ABSTRACT
This paper utilizes a panel cointegration approach to investigate the relationship between remittances and financial development in the top remittance recipient countries in Sub-Saharan Africa. Our results point to a significant and positive long-run relationship. More specifically, the pooled-mean group estimates indicate that a one-percentage point increase in remittance inflows promotes financial development by more than one percentage point. In addition, the results support the existence of bidirectional causality between remittances and financial development in the long-run. We also find some evidence that remittance pricing has a negative impact on the long-run relationship between remittances and financial development.
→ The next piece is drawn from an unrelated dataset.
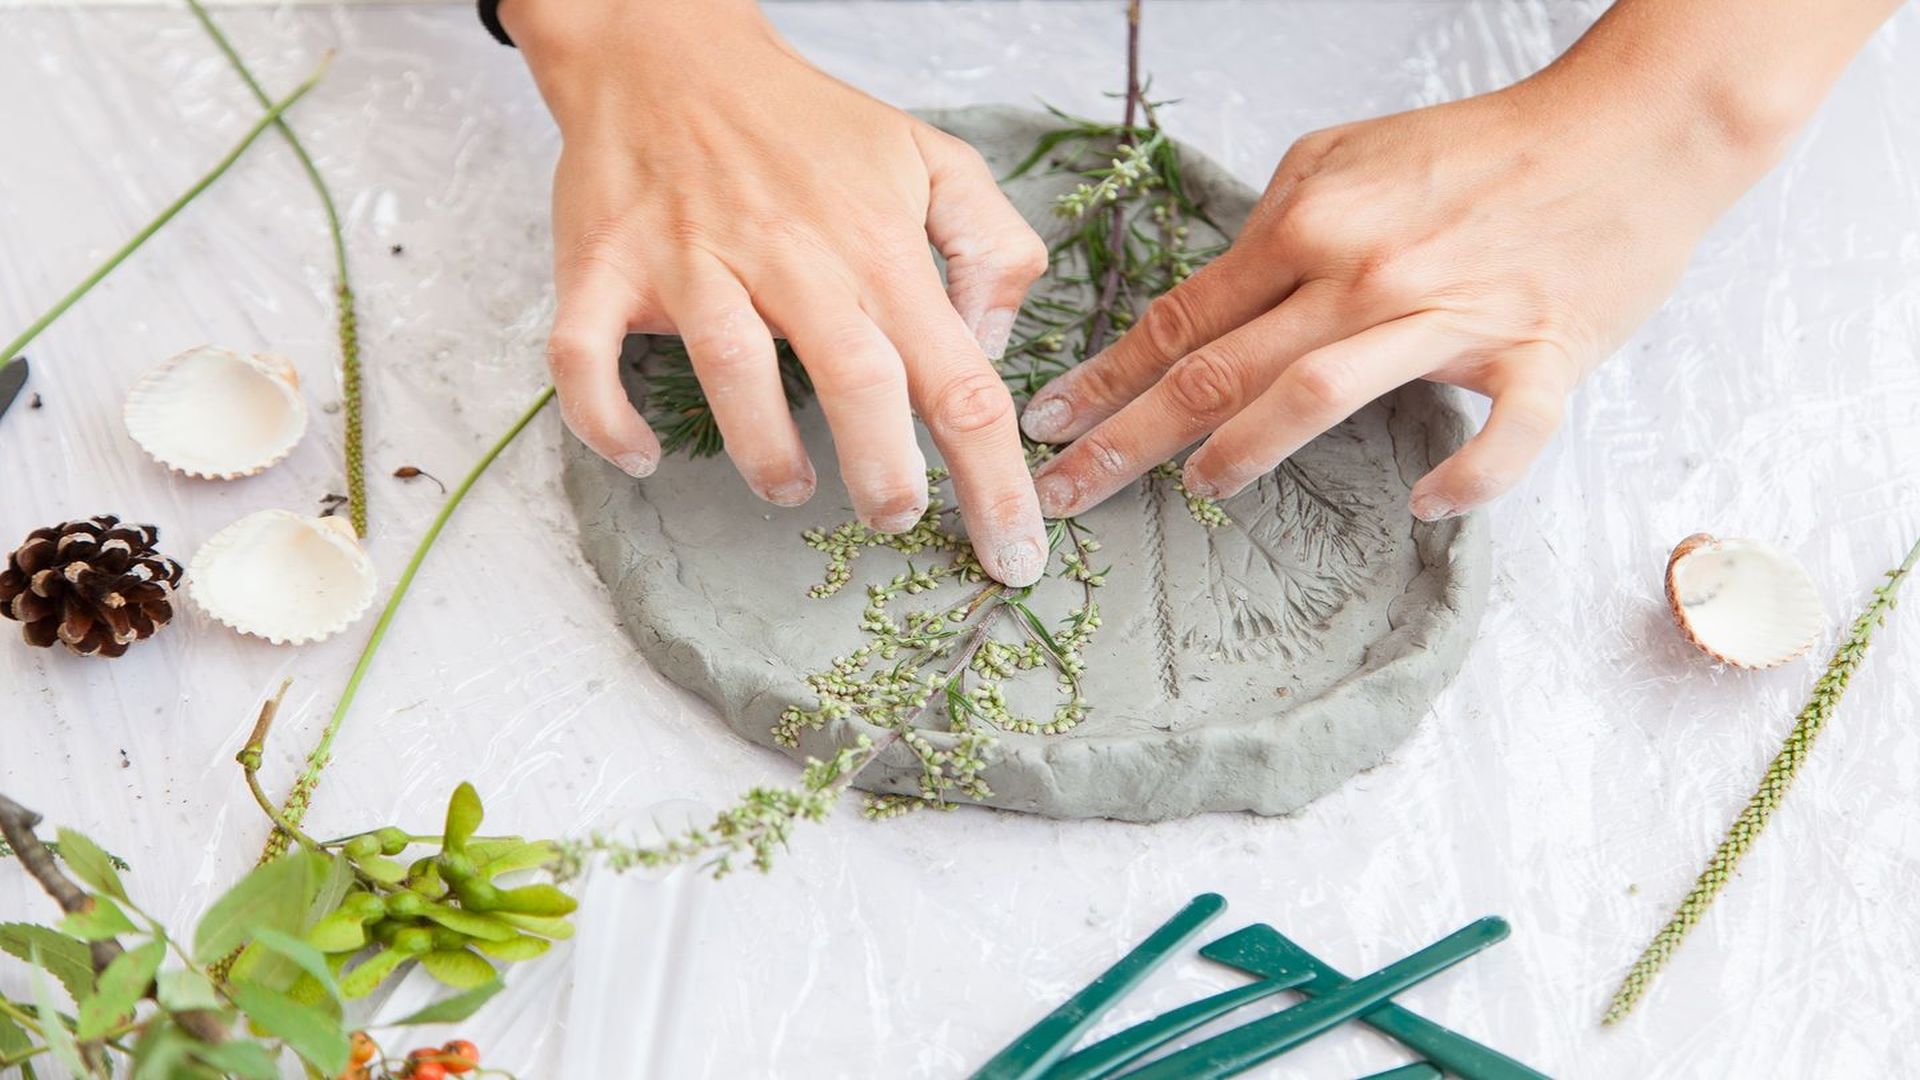 zdjęcie dłoni wykonującej prace plastyczne - odciskujących roślinę w glinie. obok odcisku leżą muszelki, szyszka i inne rośliny

While the results suggest that remittance inflows promote financial development, migrant workers may be timing the foreign exchange market to remit.
Disclosure statement
No potential conflict of interest was reported by the authors.
Notes
1 For instance, Woodruff and Zenteno (Citation2007), Yang (Citation2008), Bansak and Chezum (Citation2009), and Alcaraz, Chiquiar, and Salcedo (Citation2012) report a positive impact of remittances on investment, whereas Durand et al. (Citation1996), Brown and Ahlburg (Citation1999), Acosta, Lartey, and Mandelman (Citation2009), Combes and Ebeke (Citation2011), and Donou-Adonsou and Lim (Citation2016) find a positive effect on consumption and no significant effect on investment. Regarding the effects on income and growth, Ramirez and Sharma (Citation2008), Catrinescu et al. (Citation2006), Mundaca (Citation2009), Pradhan, Upadhyay, and Upadhyaya (Citation2009), and Lim and Basnet (Citation2017) find that remittances have positive influences on economic growth. Other studies, including those by Chami, Fullenkamp, and Jahjah (Citation2005), Gupta (Citation2005), Faini (Citation2007), Barajas et al. (Citation2009), Singh et al. (Citation2011), and Donou-Adonsou and Lim (Citation2016) indicate that remittances have insignificant or even negative impacts on growth. Gupta, Pattillo, and Wagh (Citation2009) find evidence that remittances have poverty reduction effects in Sub-Saharan Africa. Still, other research suggests that the beneficial effects of remittances depend on the strength of the financial system (Giuliano and Ruiz-Arranz Citation2005; Bettin and Zazzaro Citation2012) or the quality of institutions (Ramirez and Sharma Citation2008; Singh et al. Citation2011).
2 The real exchange rate is defined as the official exchange rate multiplied by the US CPI divided by the domestic CPI. Data for the official exchange rate, the US CPI, and the local CPI come from the World Development Indicators.